» Activity: Answer with the exact lines of the following material from the one containing "Les touristes sur" through the one containing "Vitra DAR Eames", both end lines included.

» Supplied data:
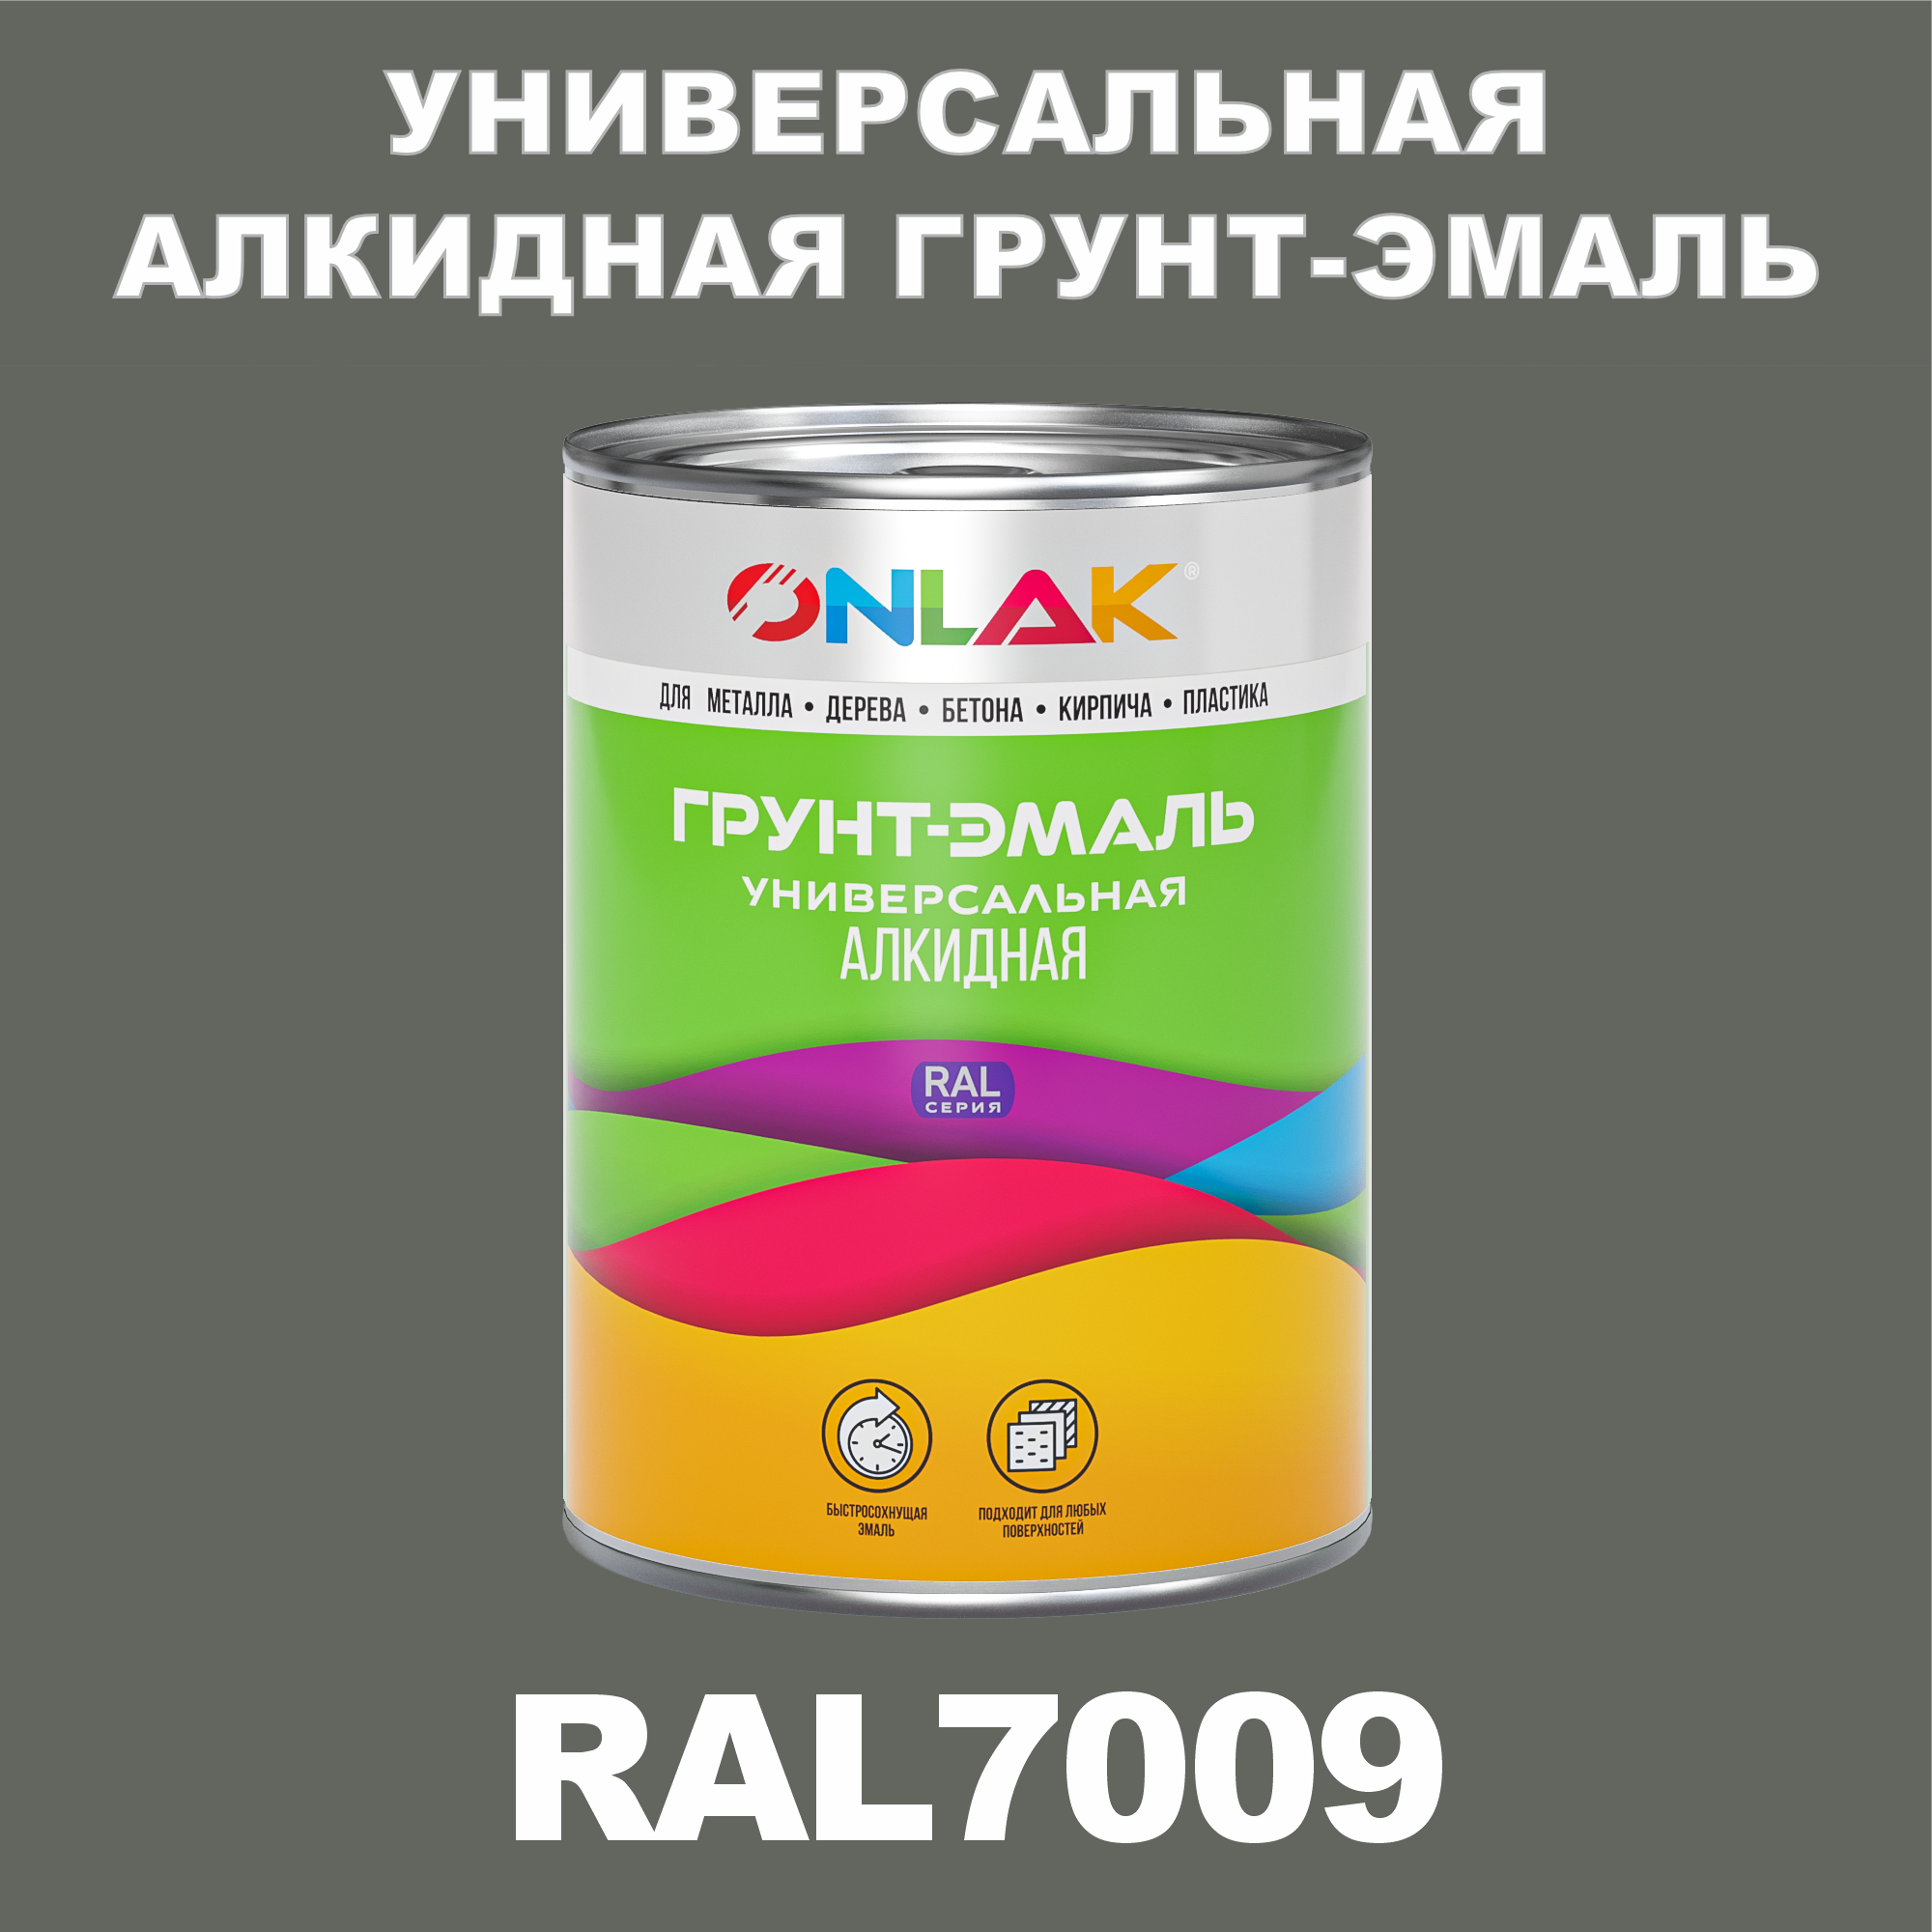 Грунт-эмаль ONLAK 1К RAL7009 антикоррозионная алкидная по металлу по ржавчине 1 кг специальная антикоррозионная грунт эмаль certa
---
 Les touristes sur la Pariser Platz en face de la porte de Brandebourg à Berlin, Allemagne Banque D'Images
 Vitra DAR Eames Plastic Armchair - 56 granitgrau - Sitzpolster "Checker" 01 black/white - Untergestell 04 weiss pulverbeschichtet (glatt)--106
--
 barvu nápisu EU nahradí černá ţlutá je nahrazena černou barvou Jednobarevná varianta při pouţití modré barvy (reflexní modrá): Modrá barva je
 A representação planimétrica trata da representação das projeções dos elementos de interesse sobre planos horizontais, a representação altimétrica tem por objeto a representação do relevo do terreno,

» Output below:
 Les touristes sur la Pariser Platz en face de la porte de Brandebourg à Berlin, Allemagne Banque D'Images
 Vitra DAR Eames Plastic Armchair - 56 granitgrau - Sitzpolster "Checker" 01 black/white - Untergestell 04 weiss pulverbeschichtet (glatt)--106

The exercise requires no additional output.